Between 1881 and 1882, St. Louis newspapers offered sparse coverage of the city's colored clubs...Why the poor coverage? One answer was column space. Critics complained that editors gave baseball too much column space. And the press doted on the white professional club, the Brown Stockings, which it viewed as a lucrative, civic-minded enterprise. On the other hand, the Black Stockings colored nine hardly qualified as the city's iconic sports symbol...Throughout the 1870's, the white press' coverage of colored baseball declined. In 1878, when the Globe-Democrat reported only games the sports editor "deemed sufficiently interesting," colored clubs became the first casualties. In 1876, newspapers reported over thirty games; in 1877, only three contests appear in print, among them the Black Stockings vs. Our Boys (the "Blacks" won 6 to 4). Colored clubs disappeared from the sports pages until 1881. Of course, the Red Stockings, Brown Stockings, and Empires received coverage. And sports editors devoted attention to white business and trade nines. Coverage seems to have been based on their social and business relations with newspapers. This exclusion represented only part of a strategic plan, that being the desire of the professional league to control labor, eliminate the numerous teams competing for attention (the Globe-Democrat identified over 200 nines in the city), and consolidate the market.
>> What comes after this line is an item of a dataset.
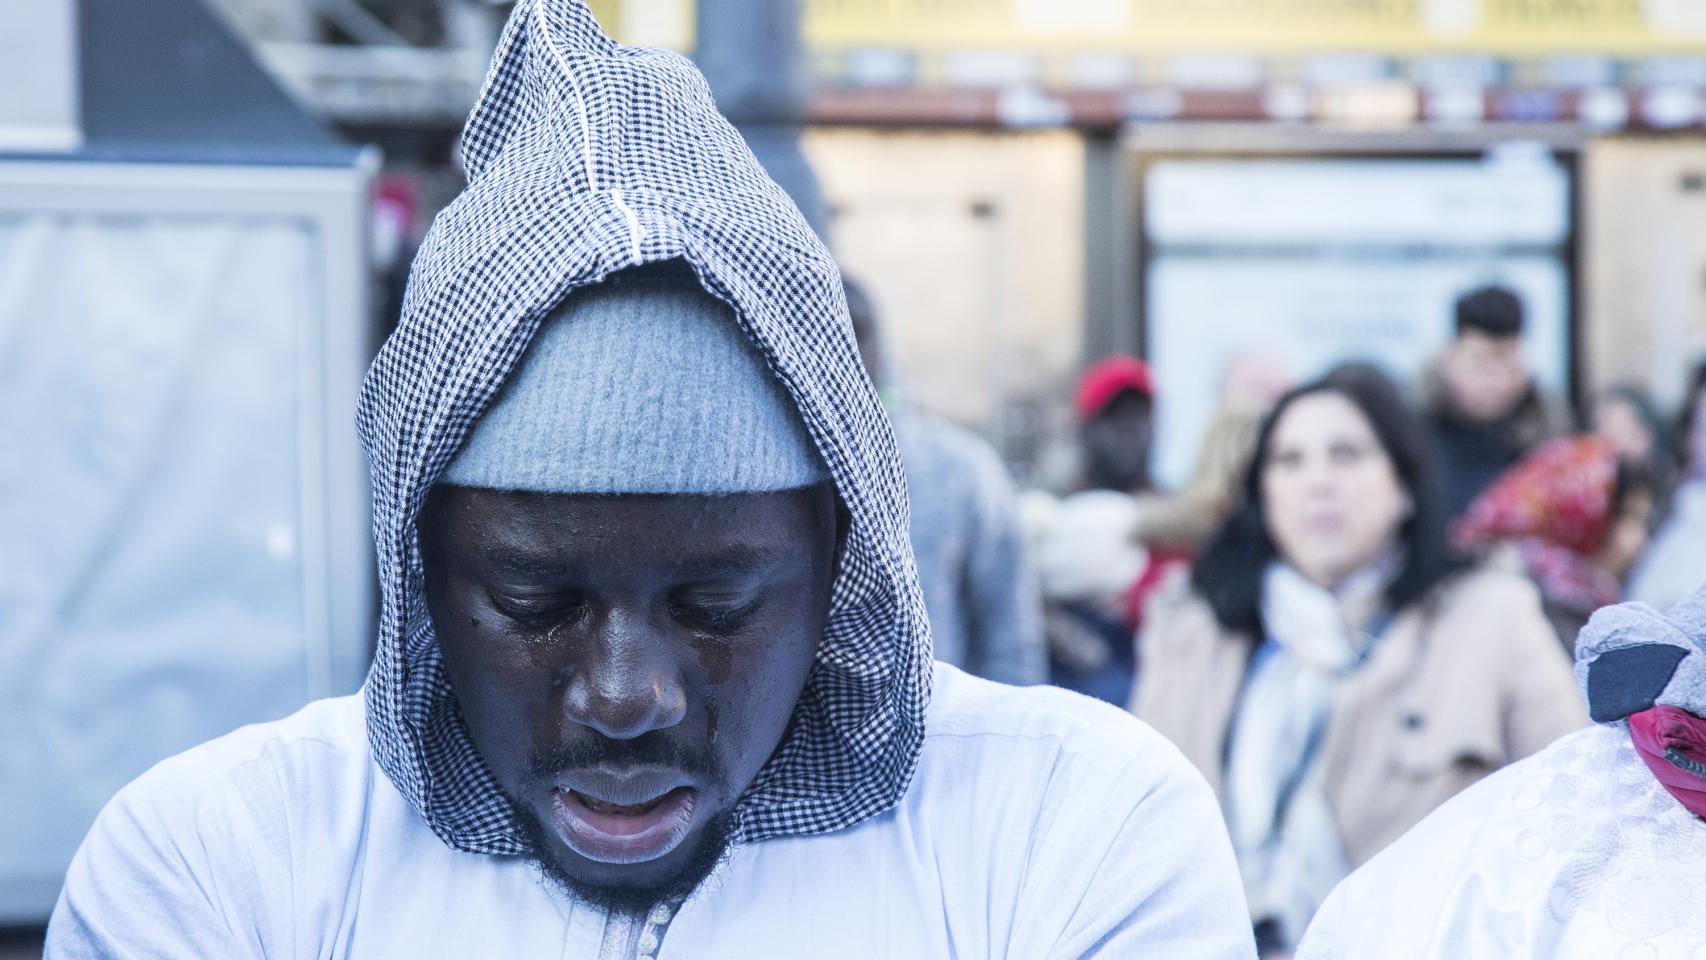 Un senegalés visiblemente emocionado, durante la concentración por la muerte de apoyo a Mbaye en Sol. / Jorge Barreno

In the Mound City, guardians of baseball high culture-the Spink brothers, the McNeary brothers, Gus Solari, and Christopher Von der Ahe-wielded the civic clout and socioeconomic control to push an exclusionary agenda.
-James Brunson, Henry Bridgewater's Black Stockings of St. Louis, 1881-1889
While Brunson goes on to place Bridgewater and the Black Stockings within the context of Reconstruction era St. Louis and the politics inherent to the era, I find his interpretation of the actions of the Spink brothers, McNeary, Solari, and Von der Ahe to be fascinating. Throw in J.B.C. Lucas and some of the members of the Union Club and one can construct an argument that there was a cabal of men attempting to organize and control the St. Louis baseball market.
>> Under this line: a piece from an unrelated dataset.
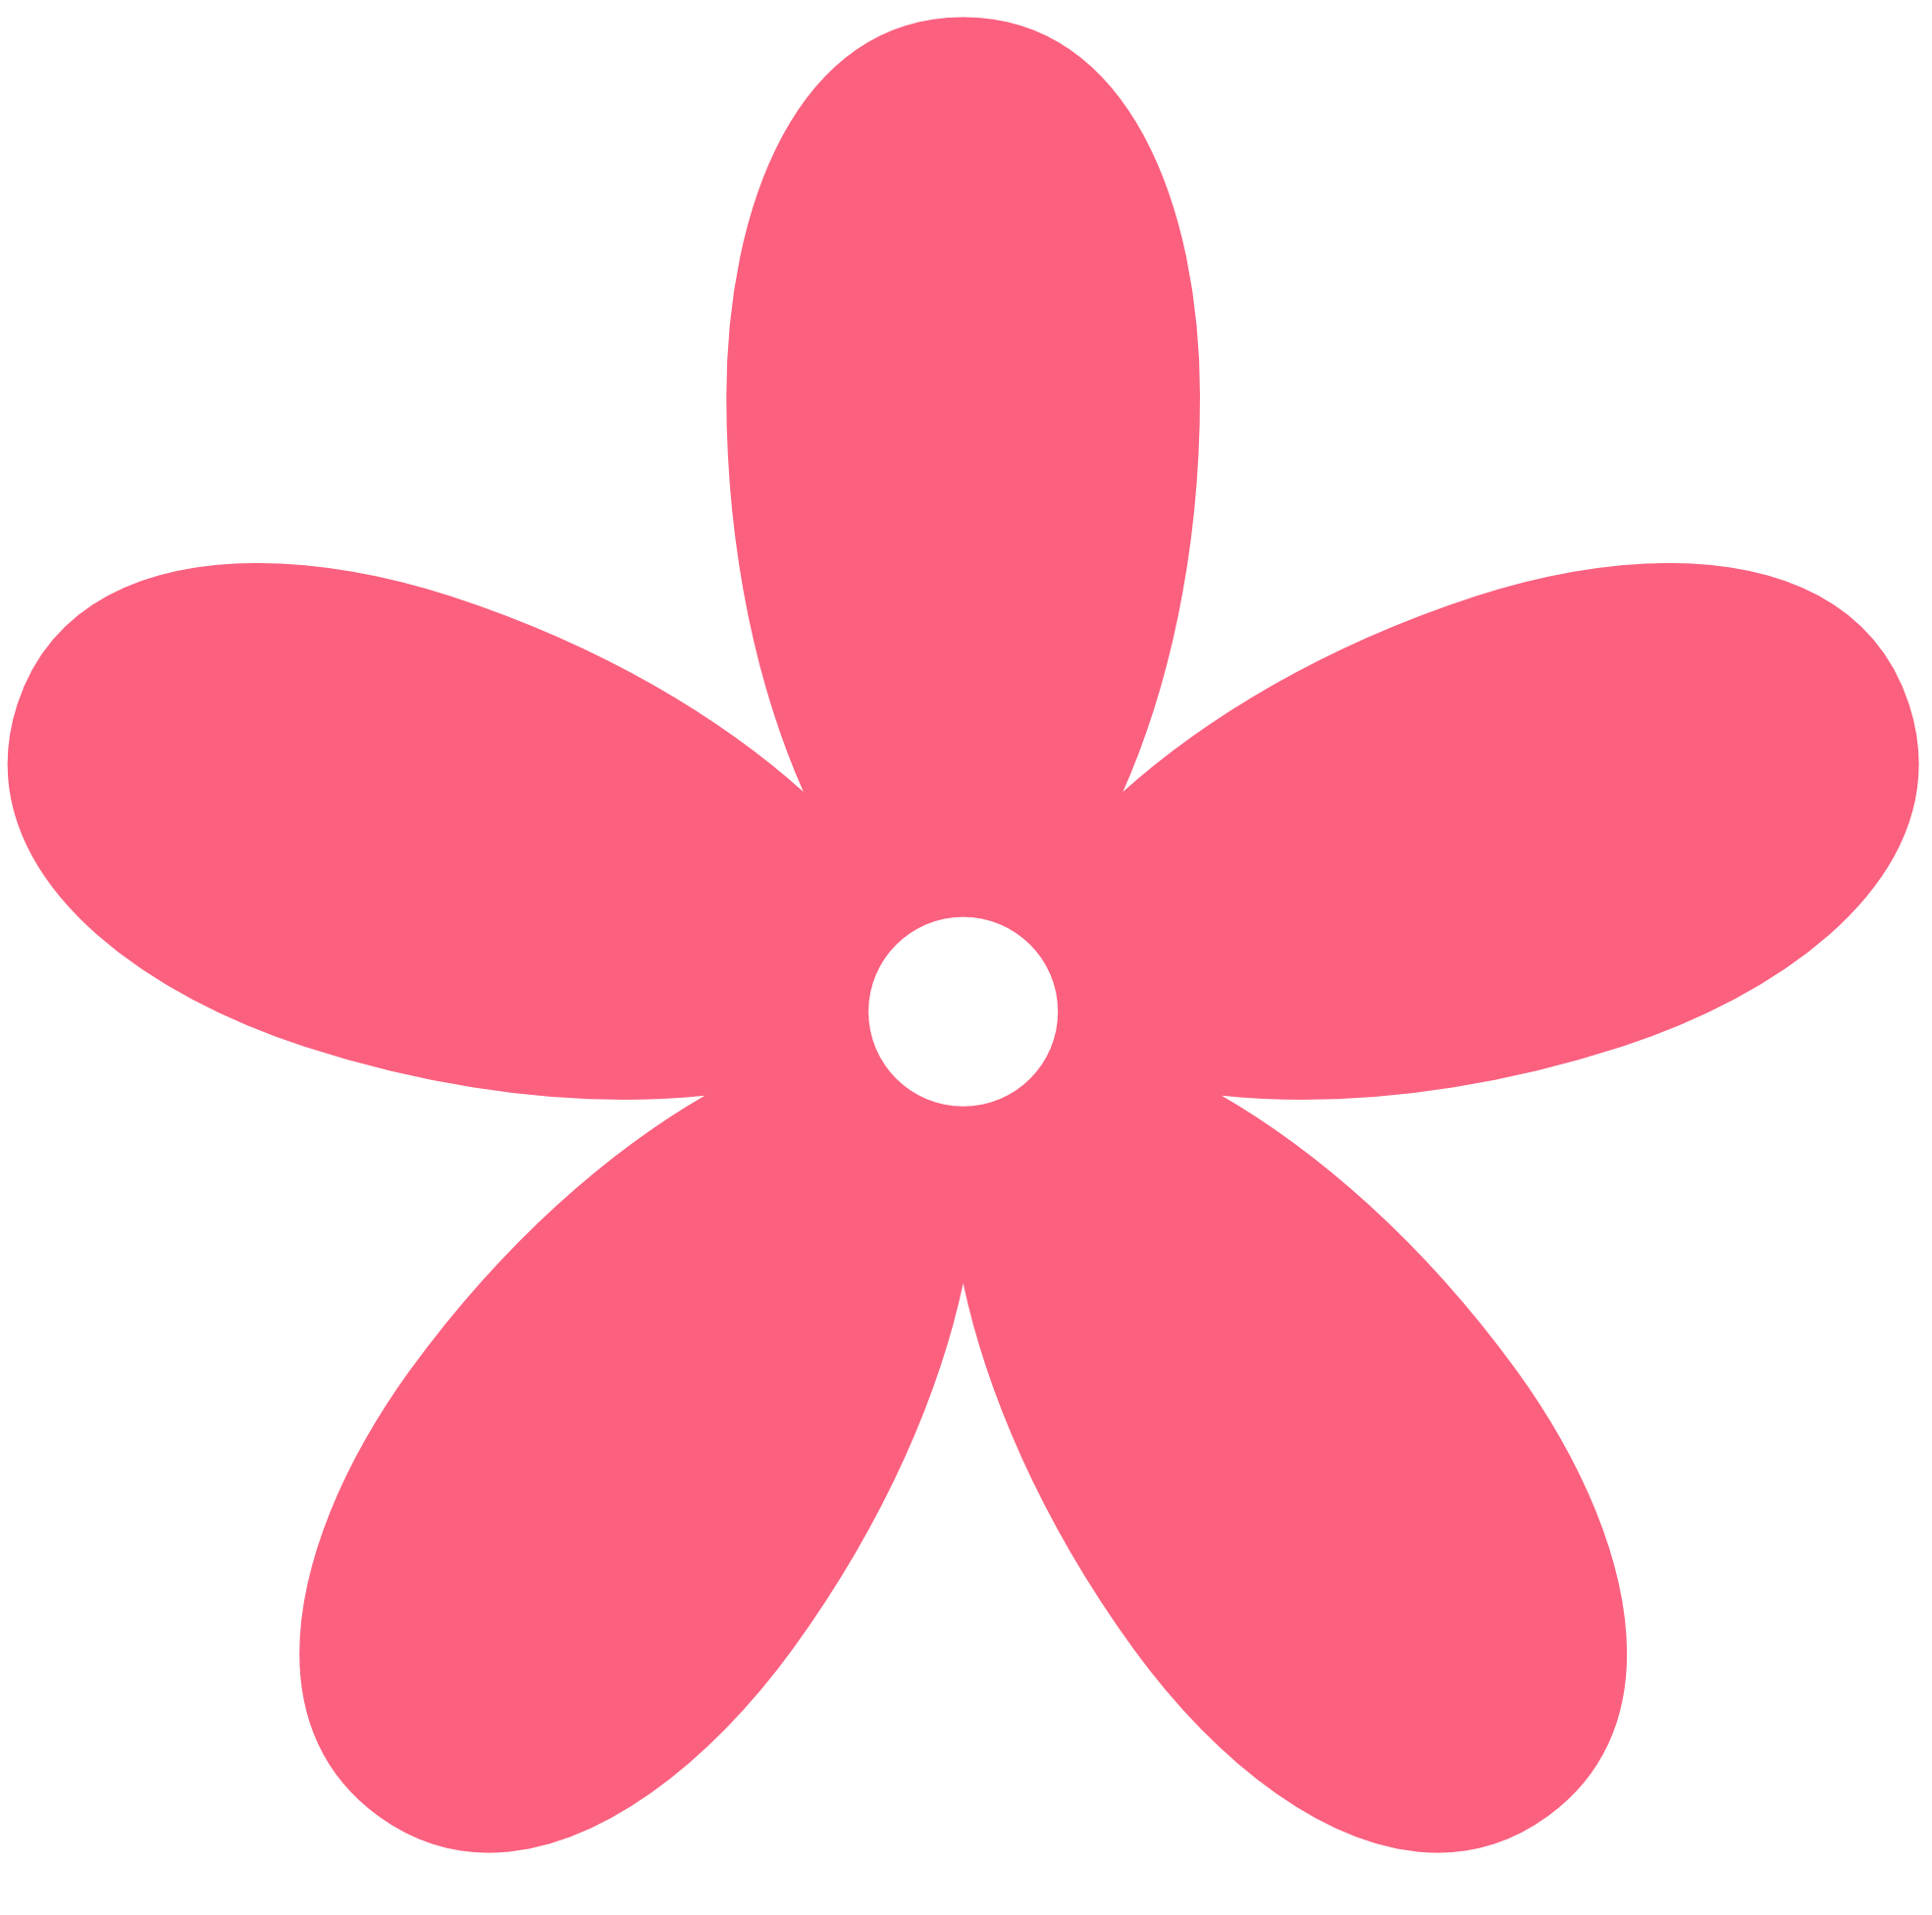 Light Pink Flowers Clip Art - ClipArt Best

However, the problem with the argument is that these men were actually in competition with each other. While certainly the Spink brothers used their position as editors to promote and publicize the game, this was well within the tradition of "upbuilding" and a common practice of time. But, in the late 1870's, when they were involved in the running of the Interregnum Brown Stockings, they were in direct competition with McNeary's Red Stockings. McNeary originally was a part of the group that organized the NA Brown Stockings but, after the club decided to play its home games at the Grand Avenue Grounds, he placed the Red Stockings in the NA to directly compete against the Brown Stockings. McNeary's Compton Avenue Grounds competed with Solari's Grand Avenue Grounds for clubs, games, and fans and the Reds were in competition against the Grand Avenue Club. Von der Ahe had worked with Solari when they were both board members of the Grand Avenue Club and part of the Sportsman's Park and Club Association but essentially forced him out in the early 1880's.
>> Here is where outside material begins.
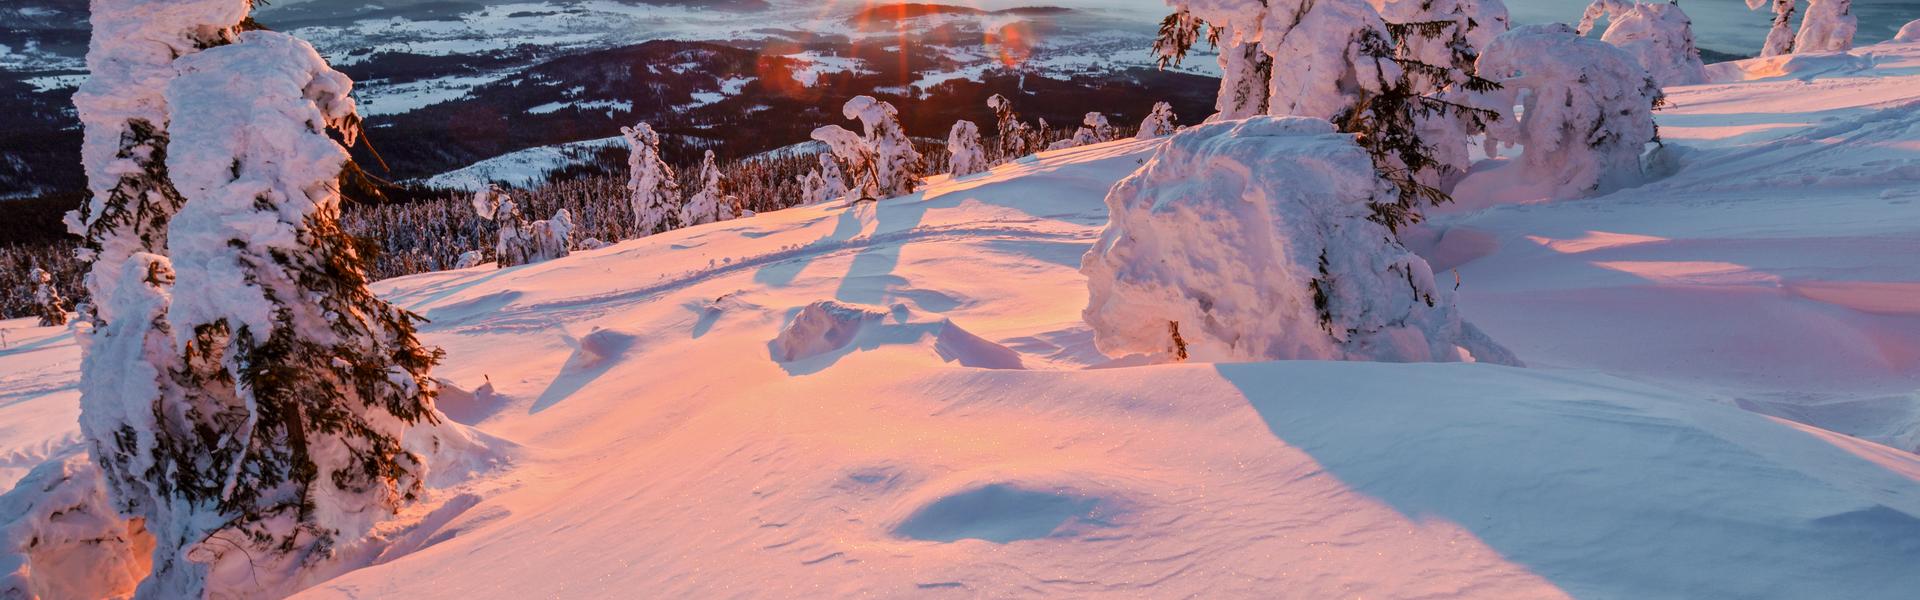 Bild: Zimowe wędrówki po górach? 3 pomysły na wycieczki, które Was zauroczą!

While these men worked together to promote baseball in St. Louis, they were just as often competitors. There was no cabal. There was no grand strategic plan. The only exclusionary agenda was that of single-minded businessmen who were attempting to make money and establish the professional game in St. Louis. They weren't out to destroy the black clubs or the mercantile clubs or the old amateur clubs but, rather, their goal was to establish something more. These men were instrumental in transitioning St. Louis baseball from the amateur to the professional era and by simply looking at the history of the period-the starts and stops, the failures and successes-one can see that there was no over-arching grand vision being driven by a monopolistic establishment.
As I said, I see some merit to the argument. If one was looking at the situation from the view of someone like Bridgewater, who was not a member of the white St. Louis establishment, then you might see a monopolistic baseball establishment that marginalized Bridgewater's contribution. But in the end, what I see is a group of businessmen fighting each other for control of the baseball market rather than working together to monopolize the market.